Frances Beinecke, the president of the Natural Resources Defense Council, wrote on the NRDC blog: “What is promising to me is that SC Johnson has made this move voluntarily, after NRDC raised the issue of phthalates in air fresheners last year… The company’s response is a testament to the power of consumers to make a difference.”

I emailed Rich Liroff, the executive director of the Investor Environmental Health Network, who knows more about these issues than anyone I know, to ask him what he thought of the SCJ decision. He replied:

this represents a precautionary business judgment by SCJ that even though they believe that regulators’ judgments are on their side in terms of continued use of phthalates, the better competitive position to adopt is to side with their consumers lacking faith in regulators’ judgment and to make a focused effort with their supply chain to eliminate chemicals of concern. So rather than taking the position so many other companies have taken—“the regulators say our products and chemicals are safe” or “we are in compliance with all applicable rules and regulations”—SCJ is acknowledging that such positions are no longer adequate for consumer-facing manufacturers and retailers.
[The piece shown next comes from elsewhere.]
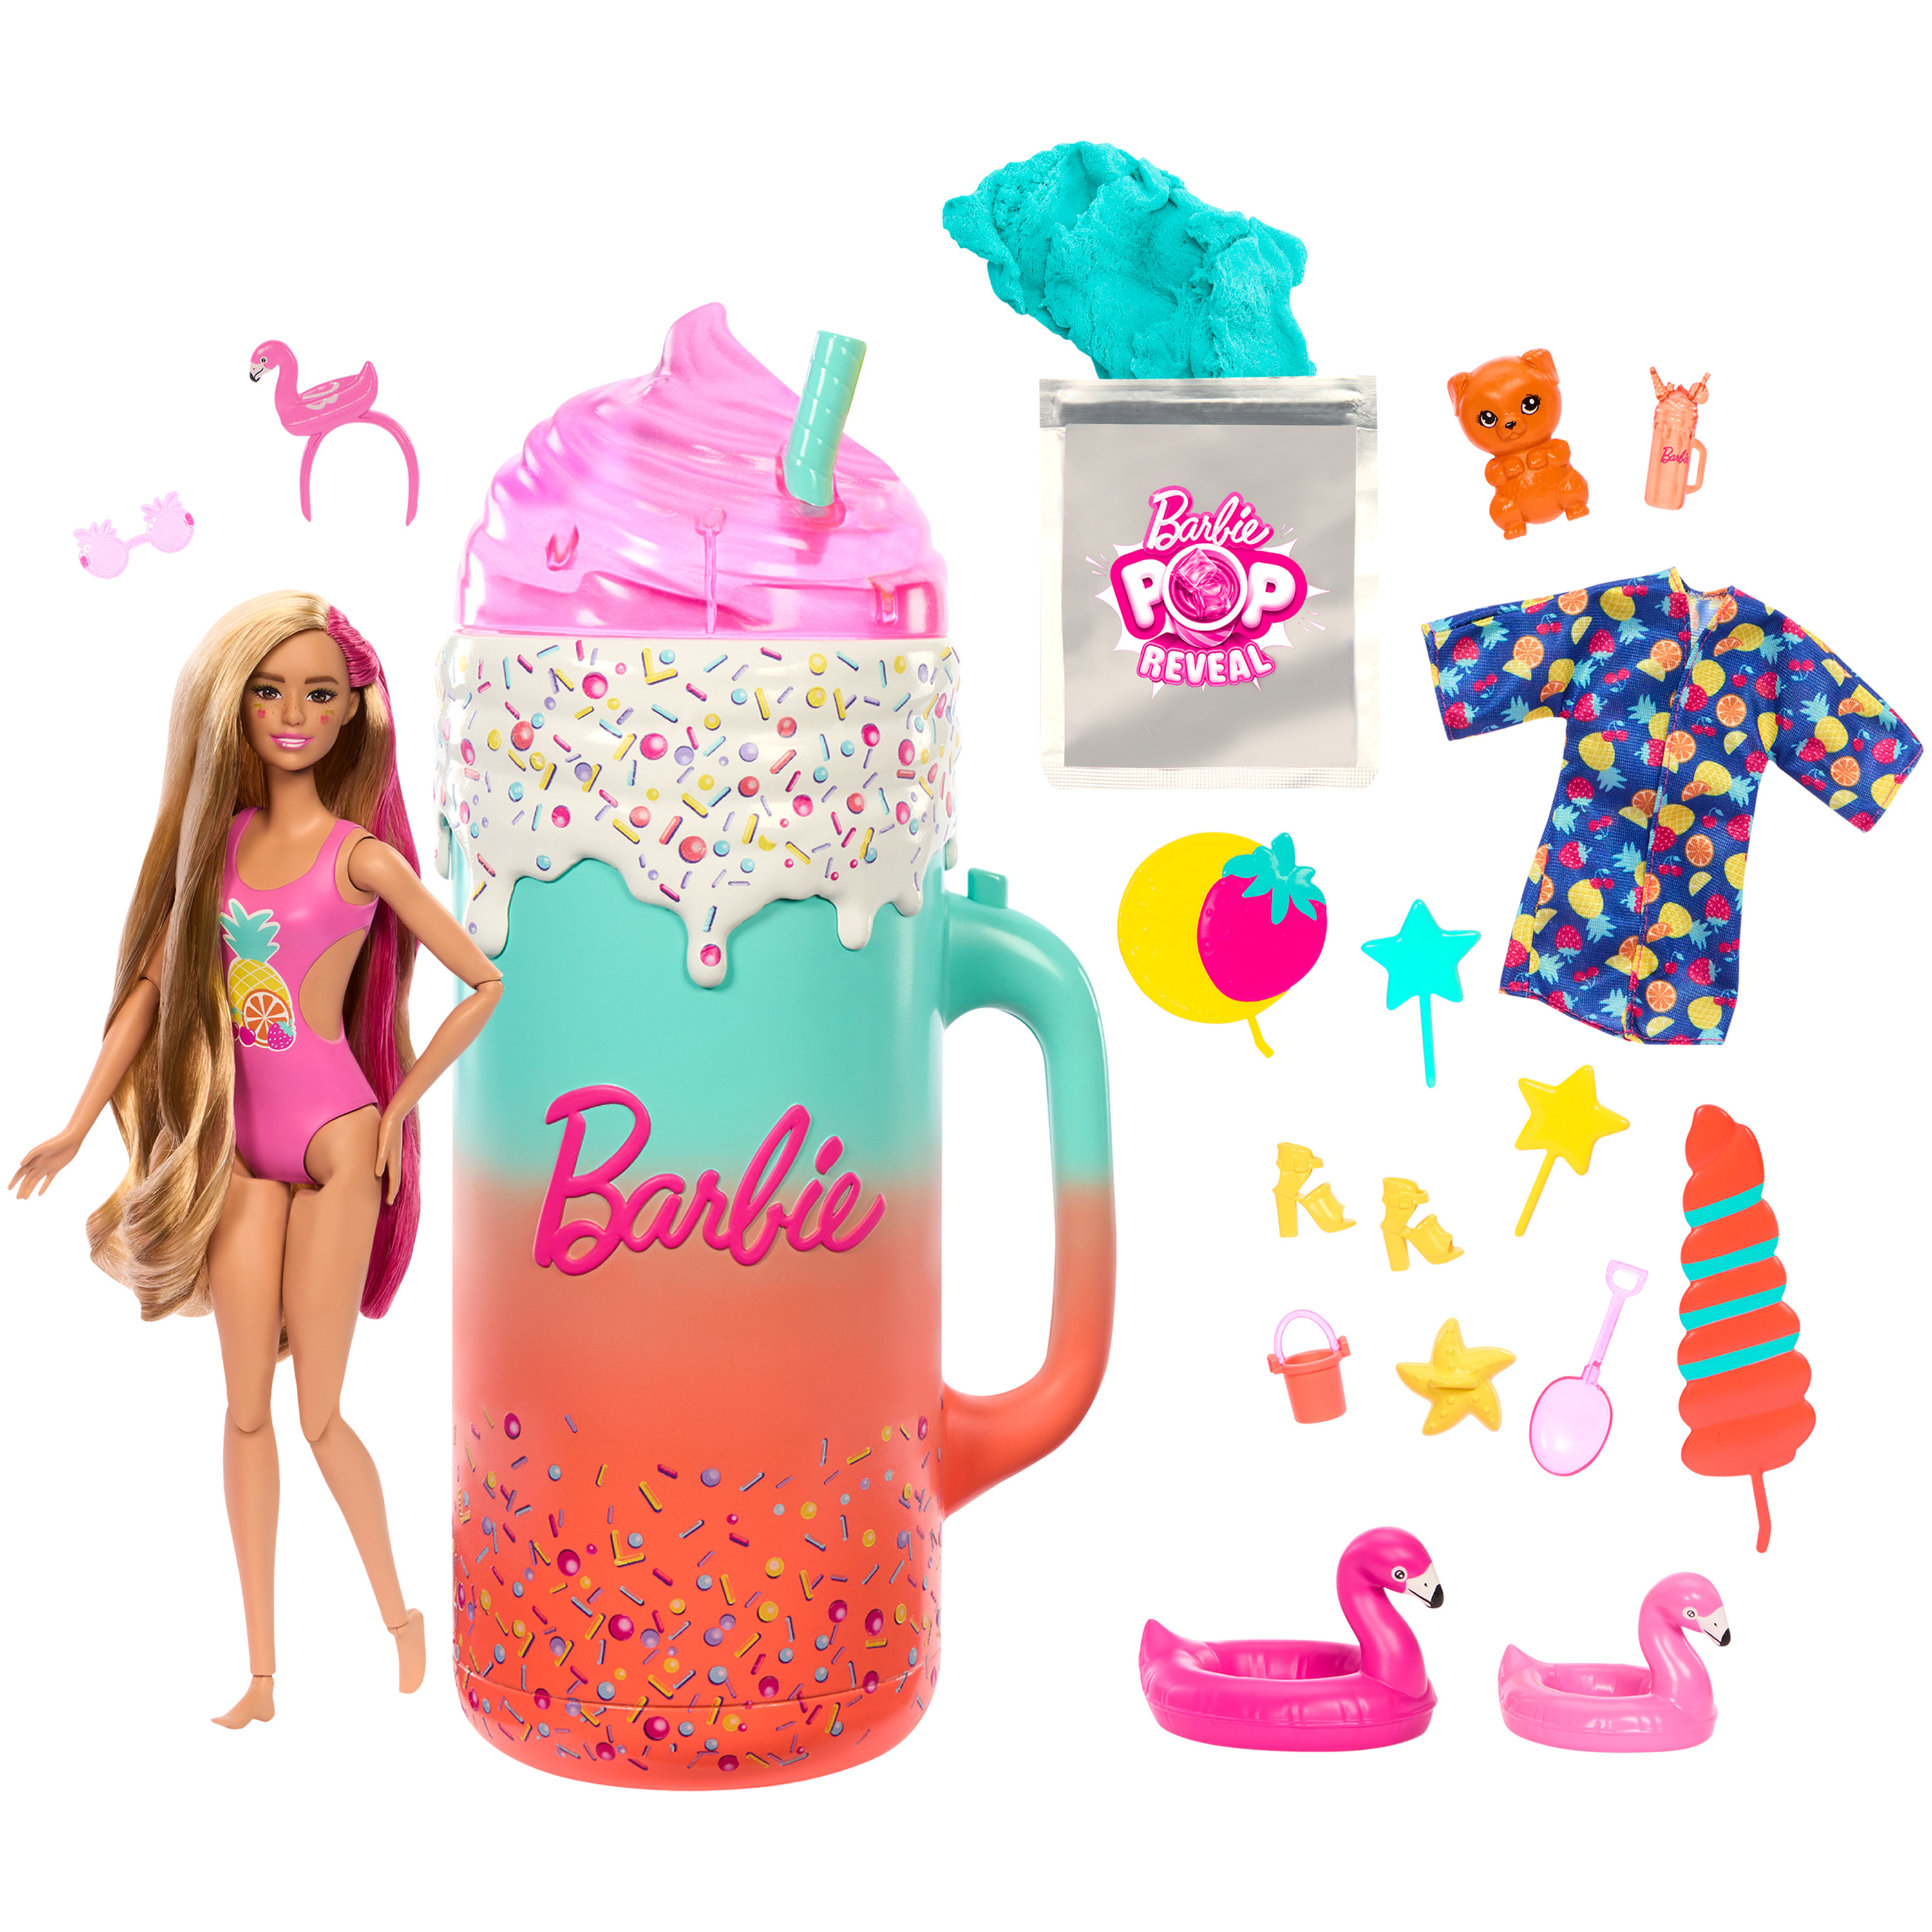 barbie pop reveal frutas smoothie (mattel - hrk57)

Two final thoughts. First, this issue isn’t going away. Just last week, Rich told me, a group called the Campaign for Safe Cosmetics released a report showing that that toiletry products for children contain formaldehyde. And The Walt Disney Co. released a healthy cleaning policy saying that it would take a “precautionary” approach to reducing its chemical use.

Finally, anyone who knows SC Johnson and Fisk Johnson won’t be surprised see them leading the way on an environmental issue. Back in the 1970s, SCJ took CFCs out of their products before they were banned. And at last year’s Brainstorm Green conference about business and the environment), Fisk spoke eloquently about how the company has been trying to avoid using coal-fired electricity in its manufacturing plants, turning instead to methane from a nearby landfill and wind power. I’m really pleased that Fisk will speaking again this year at Brainstorm Green.